You can use this insight to solve Euler Problem 24 by hand. So I will do that here, and you will see how to solve your problem. We want the millionth permutation of 0-9. In factorial representation we take 1000000 => 26625122. Now to convert that to the permutation, I take my digits 0,1,2,3,4,5,6,7,8,9, and The first number is 2, which is the third (it could be 0), so I select 2 as the first digit, then I have a new list 0,1,3,4,5,6,7,8,9 and I take the seventh number which is 8 etc, and I get 2783915604.
However, this assumes that you start your lexicographic ordering at 0, if you actually start it at one, you have to subtract 1 from it, which gives 2783915460. Which is indeed the millionth permutation of the numbers 0-9.
You can obviously reverse this procedure, and hence convert backwards and forwards easily between the lexiographic number and the permutation that it represents.
I am not entirely clear what it is that you want to do here, but understanding the above procedure should help. For example, its clear that the lexiographic number represents an ordering which could be used as the key in a hashtable. And you can order numbers by comparing digits left to right so once you have inserted a number you never have to work outs it factorial.
Your question is a bit moot, because your input size for an arbitrary permutation index has size log(N!) (assuming you want to represent all possible permutations) which is Theta(N log N), so if N is really large then just reading the input of the permutation index would take too long, certainly much longer than O(1). It may be possible to store the permutation index in such a way that if you already had it stored, then you could access elements in O(1) time. But probably any such method would be equivalent to just storing the permutation in contiguous memory (which also has Theta(N log N) size), and if you store the permutation directly in memory then the question becomes trivial assuming you can do O(1) memory access. (However you still need to account for the size of the bit encoding of the element, which is O(log N)).
In the spirit of your encryption analogy, perhaps you should specify a small SUBSET of permutations according to some property, and ask if O(1) or O(log N) element access is possible for that small subset.
Edit:
I misunderstood the question, but it was not in waste. My algorithms let me understand: the factoradic representation of a permutation's lexicographic number is almost the same as the permutation itself. In fact the first digit of the factoradic representation is the same as the first element of the corresponding permutation (assuming your space consists of numbers from 0 to N-1).
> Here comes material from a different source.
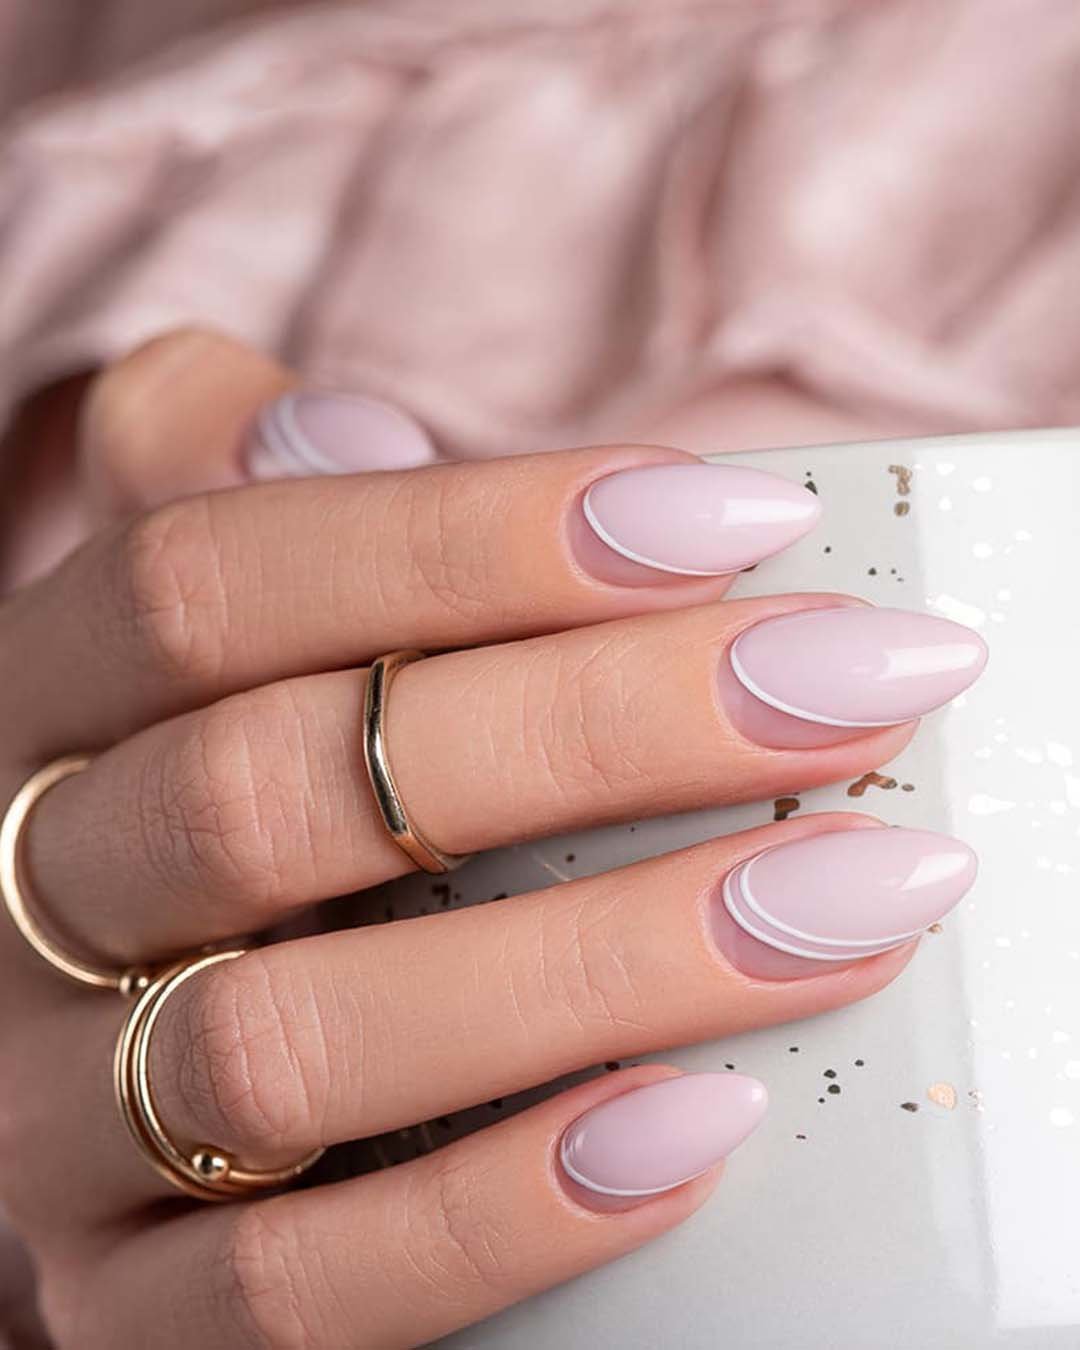 pinterest nails pink with white stripes indigonails

Knowing this there is not really a point in storing the index rather than the permutation itself . To see how to convert the lexicographic number into a permutation, read below.
See also this wikipedia link about Lehmer code.
Original post:
In the S space there are N elements that can fill the first slot, meaning that there are (N-1)! elements that start with 0. So i/(N-1)! is the first element (lets call it 'a'). The subset of S that starts with 0 consists of (N-1)! elements. These are the possible permutations of the set N{a}. Now you can get the second element: its the i(%((N-1)!)/(N-2)!). Repeat the process and you got the permutation.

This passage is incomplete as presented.